2018 ProSPER.Net Young Researchers' School
Lecture summary prepared by Arlene Gonzales (Asian Institute of Technology) & Hongru Hong (University of Tokyo)
An Atoll Futures Research Institute? Presentation for CANCC
Summary - Lecture 10: Urban Metabolism: Conceptualizing the City as an Organism
1. ProSPER.NET Arlene GONZALES
Young Researchers’ School 2018 Hongru HONG
Lecture #10 by Dr. Gasparatos
Urban Metabolism and the Environmental Impact of Activities
Urban metabolism refers to the family of methodology to understand
impacts of material consumption. It is also used to frame and to understand
urban capacity by examining the materials flow input and output. This
concept actually views cities as a living being that consumes materials
(energy, resources), some are circulated within the city itself, and wastes
are produced as end-products.
Urban metabolism and cities are based on industrial ecology and traces the
consumption and the emission that can be accounted using different
techniques. It quantifies the mass of the resources consumed by a
population. Among the popular measures used are the Material Flow
Analysis (MFA) that uses the approach of resource accounting. The second
technique is through emergy, where it assesses the relationships between
human-dominated systems, and uses system ecology which looks into the
different processes in the city along the materials and of fundamental
energy transfer. The third approach is through exergy to improve the
efficiency analysis and avoid wasting of input flows.

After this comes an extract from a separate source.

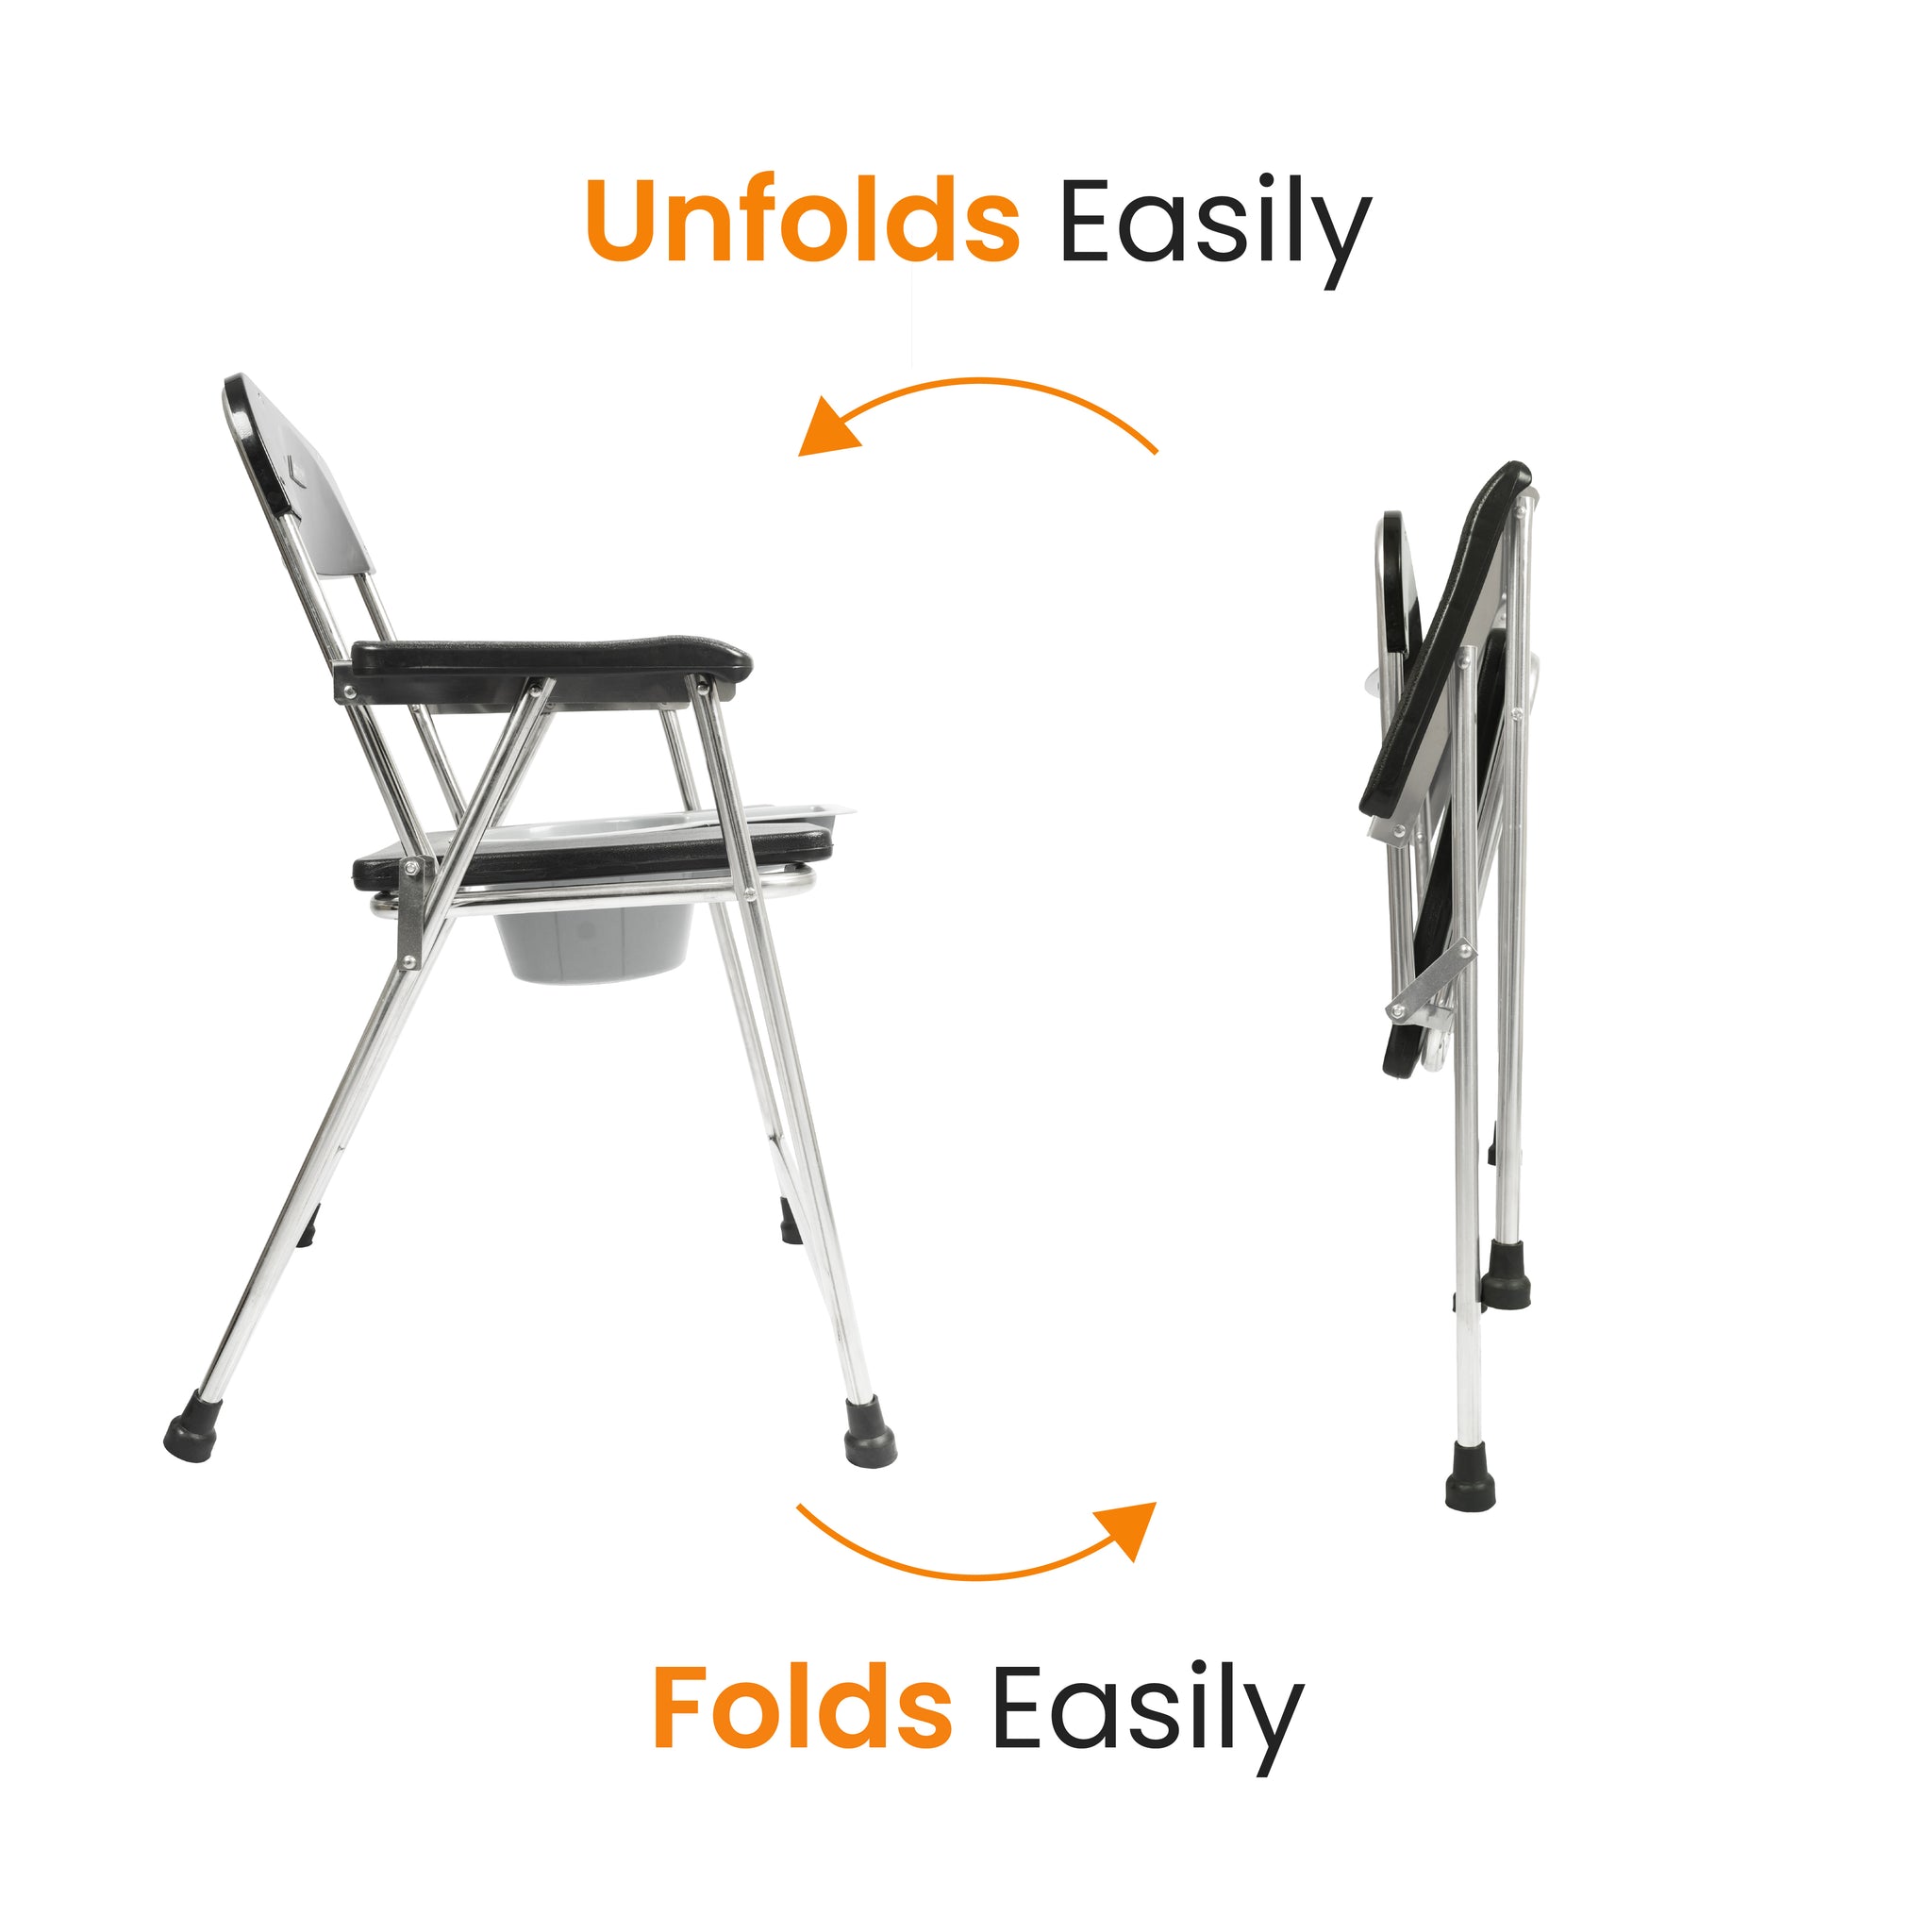 Arcatron Foldable Anti-Slip Shower Commode Chair

The methodology of looking into the impact of cities can be relatively easily
done even without field data, which have an implication in policy making
and implementation. This could actually lessen the period devoted for field
collection since it makes use of available secondary data as references for
the development of accounting and models.
In the second part of the lecture, Dr. Gasparatos made use of a research on
Tokyo’s meat consumption trend to illustrate how the concept of a city as a
living organism could be understood. The results reveal that as the
population of Tokyo and people’s appetite for meat increased, coupled with
the decrease of available lands, this leads to an increase in industrialised
husbandry and import. In view of the needs to reduce ecological footprint,
there are implications for the government to promote short distance
transportation of domestically produced meat for megacities like Tokyo.
Having shown a practical application of material and energy flow, Dr.
Gasparatos went to talk about the uncertainties, challenges, and limitations
of this kind of research, but also potential for future research. For example,
the dependency on data and inconsistency of data are among the
uncertainties and challenges. This kind of secondary data analysis often
gives us impacts and trend with variables rather than the actual situation
of, for example, geophysical or biodiversity changes.